With reference to the Ford case, see fn. 10 infra.
Note the limitation placed on the discretionary power to distribute income as opposed to the limitation on the discretionary power to invade the principal.
In making this determination we have considered petitioners’ argument that the term “necessary” in each trust creates a fiduciary requirement of need and that this constitutes an ascertainable standard. We have also considered the discussion in Estate of Edward E. Ford, supra. (See also fn. 8 supra.) While a degree of equivalency exists between “necessary” and need, we have found that the term “necessary” taken in the context of the power in issue is not equivalent to need and does not so limit that power.

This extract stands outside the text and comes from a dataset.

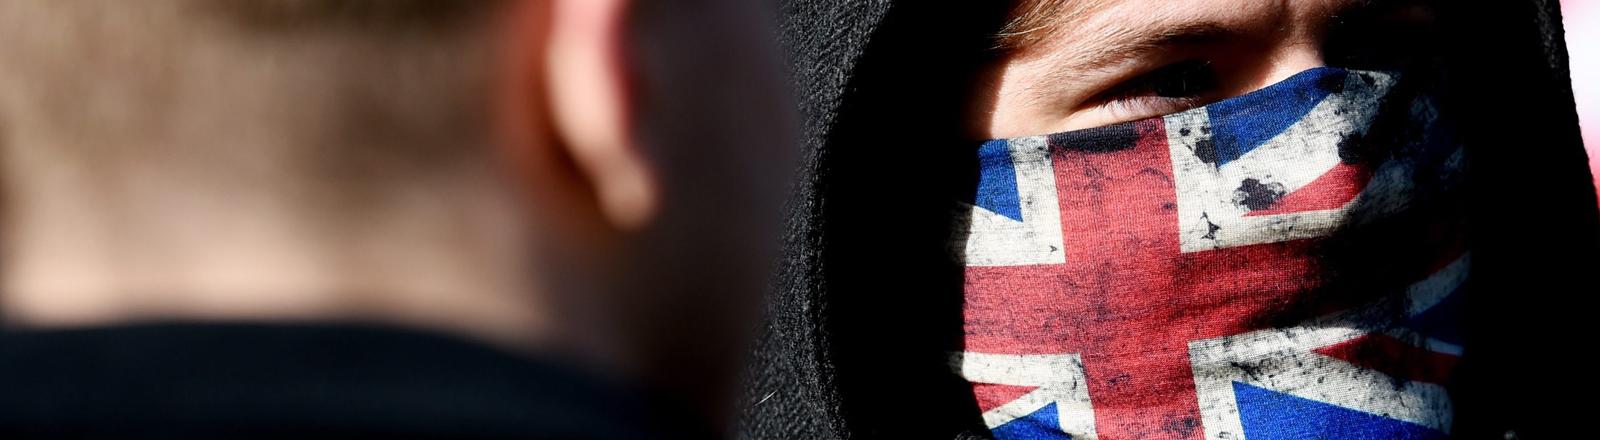 Mann mit Union Jack vor dem Gesicht

Because we find that the power retained by the decedent was sufficiently broad and unrestricted so as to require inclusion of both the principal and accumulated income of the eight trusts for his grandchildren in his gross estate under sec. 2036(a) (2), it is unnecessary for us to consider this power in relation to sec. 2038(a) (1). Suffice it to say that the lack of an ascertainable standard would similarly cause inclusion in this instance under that section also.